Step S801: the participle device selects module 43 to wait for user selection participle device 42.
Step S802: the participle device selects module 43 to accept the special-purpose participle device 42 of user selection, and it is recorded.
Step S803: the participle device selects module 43 to send the participle device that the user selectes to retrieval request pretreatment module 44.
Step S804: retrieval request pretreatment module 44 is accepted user's retrieval request, and the selected participle device of invoke user carries out word segmentation processing to retrieval request, and result is passed to search engine 45 as querying condition.
Step S805: search engine 45 is retrieved according to the search condition after the word segmentation processing, and returns result for retrieval.
Step S806: whether the user reselects special-purpose participle device 42, if so, and repeated execution of steps S802; If not, execution in step S807.
Step S807: whether the user re-enters retrieval request, if so, re-executes step S804 and step S805, if not, finishes, if namely the user does not have new activity, business processing flow finishes automatically.
The present embodiment can mark off a plurality of classification according to technical field, target information search system schematic diagram as shown in Figure 9, each classification is the above-mentioned device of a corresponding cover respectively, and wherein, it is utility module that the participle device in this device is selected module, retrieval request pretreatment module and search engine.
The present embodiment can provide for each classification in the document library special-purpose participle device, take Chinese character as example, by the occurrence number of the Chinese character in the classifying documents is done probability statistics, calculate the weights of each Chinese character in classification, and calculate the weights of each Chinese-character words in classification in the participle device dictionary according to the Chinese character weights, and then set up special-purpose participle device for each classification, the user selects to select in the interface the most suitable its to search for the special-purpose participle device of purpose according to its search purpose at the participle device, and utilize professional participle device acquisition for the best word segmentation result of user search purpose, thereby improve the search accuracy rate of search engine, improve the user to the satisfaction of search engine.
As can be seen from the above description, the present invention has realized following technique effect:
1, for the user provides diversified special-purpose participle device, the user is by using the special-purpose participle device that meets most with its search purpose, accuracy that can the Effective Raise participle, and improve on this basis the retrieval accuracy of search engine.

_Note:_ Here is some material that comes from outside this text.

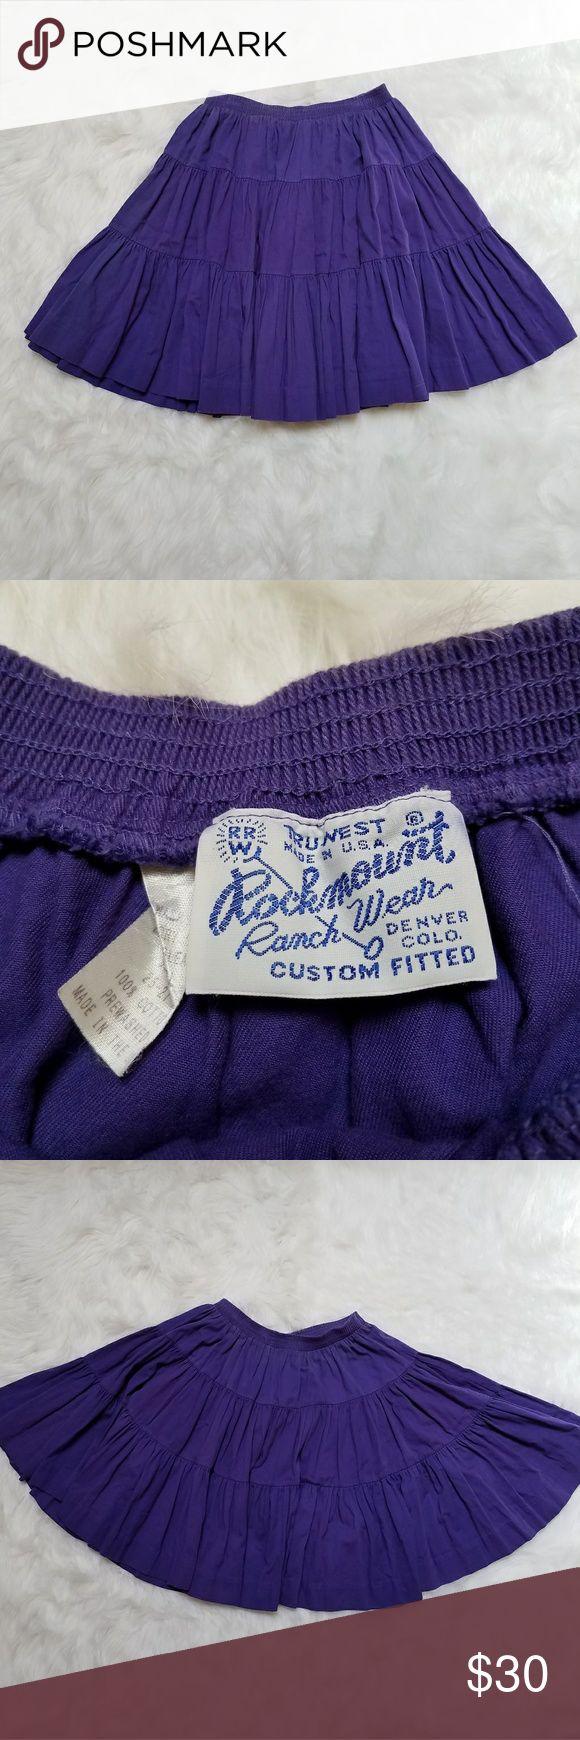 Vintage Rockmount Ranch wear skirt Vintage Rockmount Ranch wear purple rodeo skirt, waist measures 24, elastic waistband, lined, full skirt, made in Denver, CO USA, women's or girl's, state fair county fair or farm style Rockmount Ranch wear Skirts

2, the user can select a plurality of participle devices that same search condition is carried out repeatedly word segmentation processing, and each word segmentation result is submitted to separately search engine does retrieval, thereby accurately retrieves the document of user's expectation.
Obviously, those skilled in the art should be understood that, above-mentioned each module of the present invention or each step can realize with general calculation element, they can concentrate on the single calculation element, perhaps be distributed on the network that a plurality of calculation elements form, alternatively, they can be realized with the executable program code of calculation element, thereby, they can be stored in the memory storage and be carried out by calculation element, and in some cases, can carry out step shown or that describe with the order that is different from herein, perhaps they are made into respectively each integrated circuit modules, perhaps a plurality of modules in them or step are made into the single integrated circuit module and realize.Like this, the present invention is not restricted to any specific hardware and software combination.

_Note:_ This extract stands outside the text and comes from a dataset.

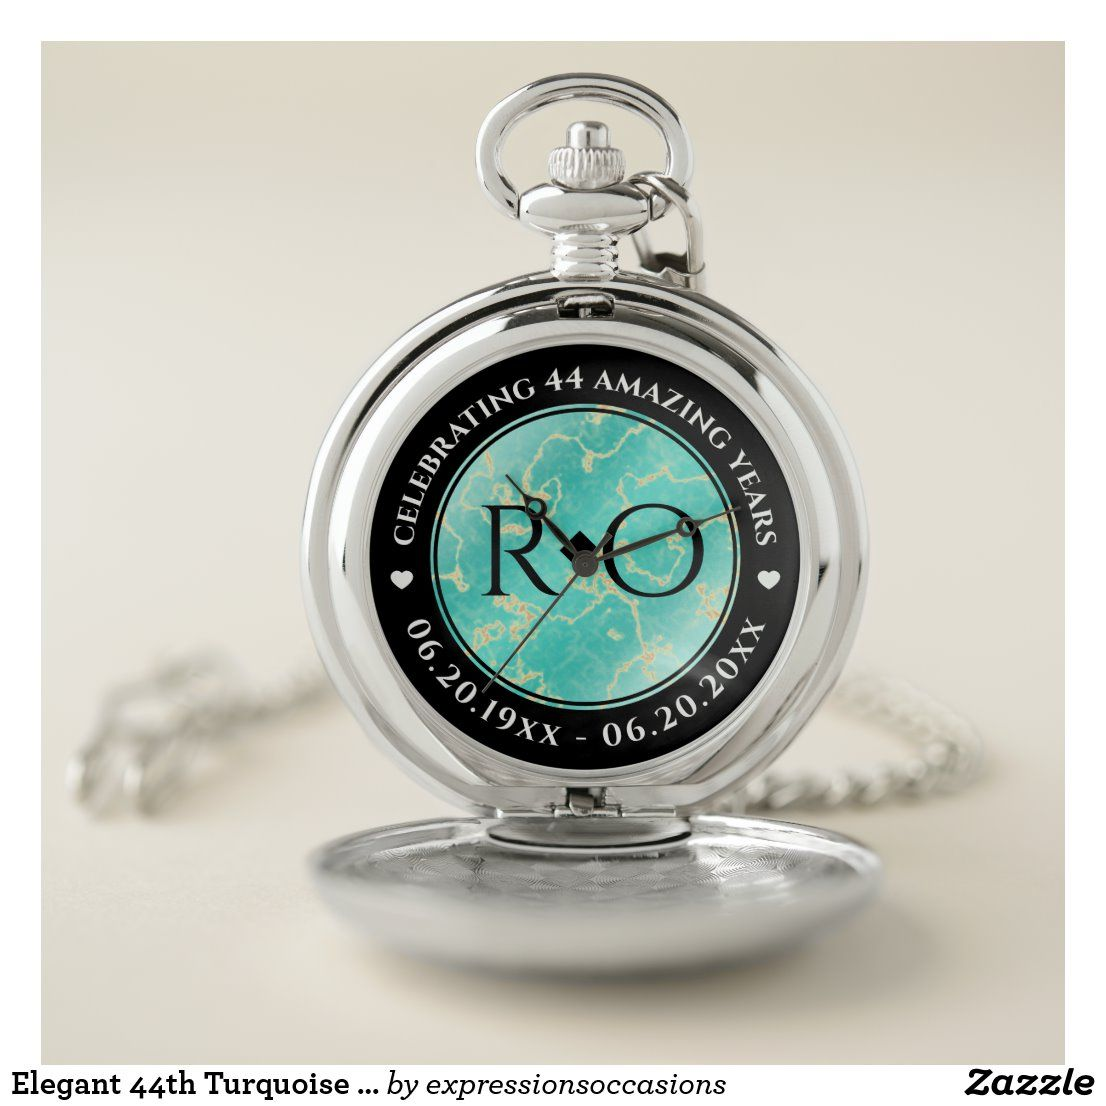 Elegant 11th 44th Turquoise Wedding Anniversary Pocket

The above is the preferred embodiments of the present invention only, is not limited to the present invention, and for a person skilled in the art, the present invention can have various modifications and variations.Within the spirit and principles in the present invention all, any modification of doing, be equal to replacement, improvement etc., all should be included within protection scope of the present invention.

Claims (10)

1. a target information searching method is characterized in that comprising the steps:
Receive the participle device of user selection and the character string of described user input, wherein, described participle device be the participle device of the string matching inputted with described user;
Use described participle device that described character string is carried out participle, obtain search terms;
The described search terms inputted search engine that obtains is searched for, obtained target information.
2. method according to claim 1 is characterized in that, receives before the character string of the participle device of described user selection and described user input, and described method also comprises:
Use the classifying documents corresponding with technical field to set up participle device corresponding to described technical field.

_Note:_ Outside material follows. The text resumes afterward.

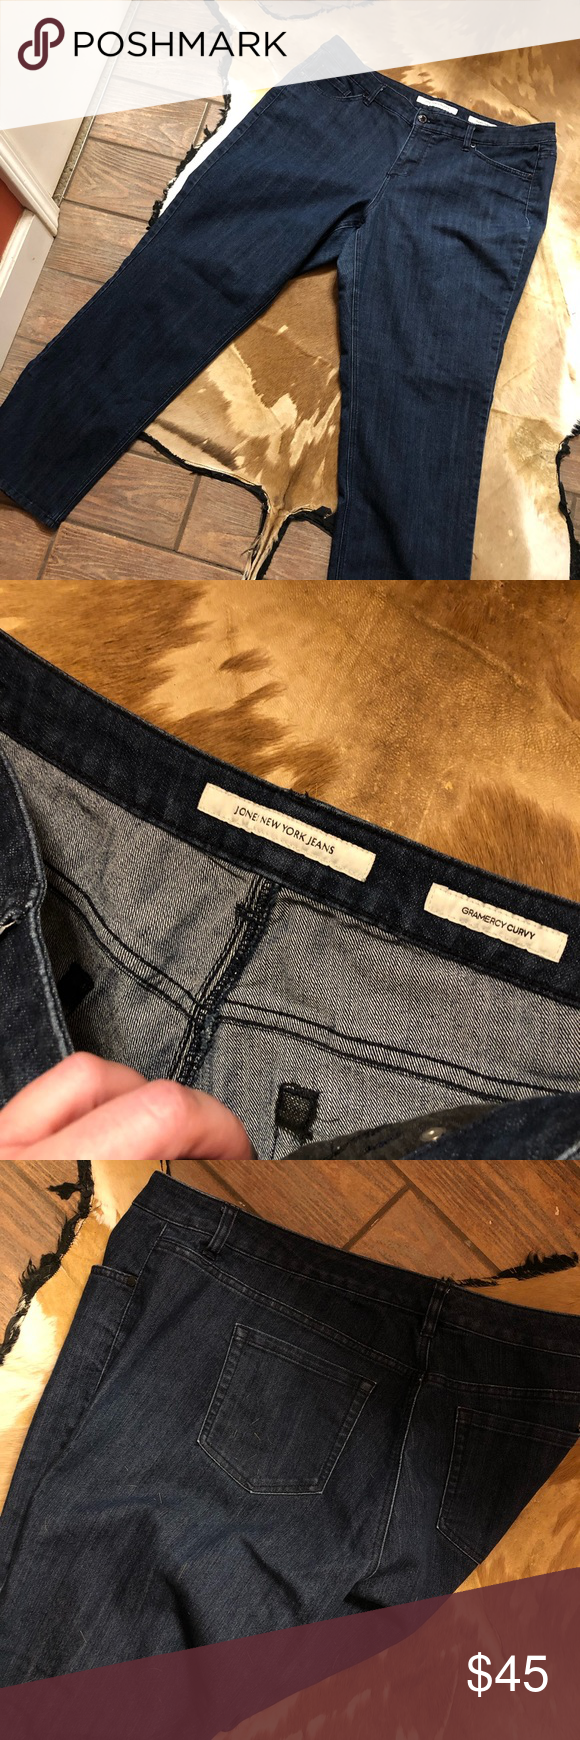 Jones New York 18w Jeans 🧜♀️ Jones new york, Fashion

3. method according to claim 2 is characterized in that, uses the classifying documents corresponding with technical field to set up participle device corresponding to described technical field and comprises:
Technical field is classified, determine classifying documents corresponding to current classification;
According to the frequency that each character in the described classifying documents occurs, calculate the weights of described each character in described current classification;
Determine to specify in the described current classification weights of character in described current classification in the character string;
Weights according to each character in the described designated character string calculate the weights of described designated character string in described current classification;
Weights in described current classification are bound with described designated character string and described designated character string, obtain the participle device of described current classification.
4. method according to claim 3 is characterized in that, the described frequency that occurs according to each character in the described classifying documents is calculated the weights of described each character in described current classification and comprised:
Delete the stop-word in the described classifying documents;
The frequency that each character occurs in the described classifying documents behind the described stop-word of statistics deletion;
Add up the document frequency that comprises described character in the described classifying documents;
Calculate the weights of described each character in described current classification according to the document frequency of the frequency of described character, described character and the sum of described classifying documents.
5. method according to claim 3 is characterized in that, specifies the weights of character in described current classification in the character string to comprise in described definite described current classification:
When in the appointment character string in the described current classification character that is not included in the described classifying documents being arranged, it is default weight that the described weights that are not included in the character in the described classifying documents are set.
6. each described method is characterized in that according to claim 1-5, and it is one of following that described character comprises: the character of the character of hanzi form, Korean form or the character of Japanese form.
7. target information searcher is characterized in that comprising such as lower module:
Receiver module be used for to receive the participle device of user selection and the character string of described user input, and wherein, described participle device be the participle device of the string matching inputted with described user;
Word-dividing mode, the described participle device that is used for using described receiver module to receive carries out participle to described character string, obtains search terms;
Search module is used for the described search terms inputted search engine that described word-dividing mode obtains is searched for, and obtains target information.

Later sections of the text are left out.